Sunday 28 February 2010

Crimson by Gord Rollo

Crimson by Gord Rollo
Published by Leisure Fiction
(c)2009, March
326 pages

Crimson is a basic horror story in setting. We have four friends (like Stand by me-sk) and we have an evil (reminds me of It-sk); but that is pretty much where the similarities end.

The book opens with a man walking home after visiting his neighbour with an axe. He walks home, his family already done and gone, bar the baby who is crying. He cleans up the child, feeds it and when the baby is asleep he bakes her and then hangs himself.

Wow! What an opening. We are then introduced to the main characters of the story delivered in an interesting style going from third person to first person telling a tale in third person. This allows him liberty to inject omnipresent views or second person POV.

Building the characters and setting the scene runs at a steady pace. While looking for a clubroom, they discover a buried room and naturally open it and investigate, awaking the evil inside (whom they believe to be Old Man Harrison, the dude who baked his baby).

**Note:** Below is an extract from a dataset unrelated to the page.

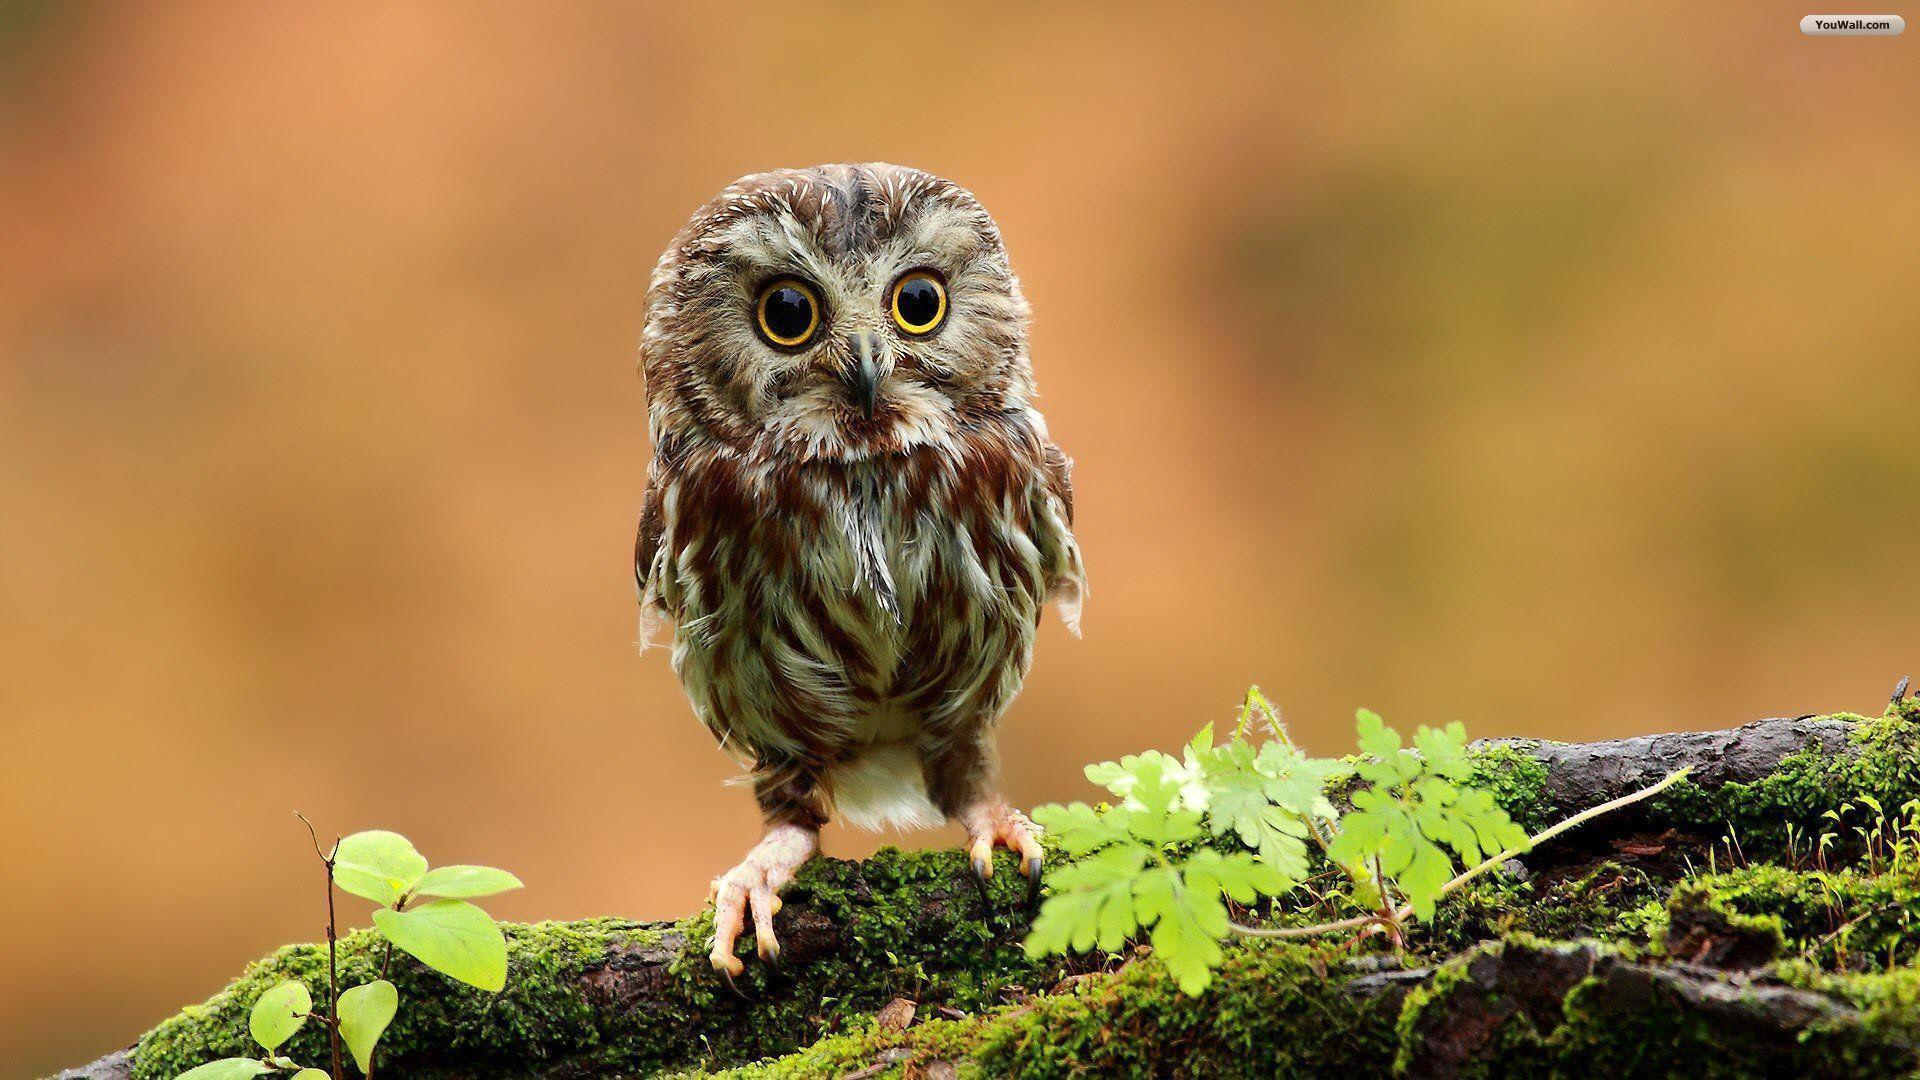 Free Owl Wallpaper 37302 Wallpaper | wallpicsize.

Angered at having been awakened, the beast tells them there is a price to pay for disturbing his rest. And pay they will.

Then the story jumps several years and pretty much drags on leading to an exciting end.

I'm in two minds about this book. In a way, I like it and in another I found parts of it way too long. Many of the sentences put me off:

David cried out in fear. He cried out in agony.

The book didn't have a lot of show but I think it was written that way. And the story worked in this vein.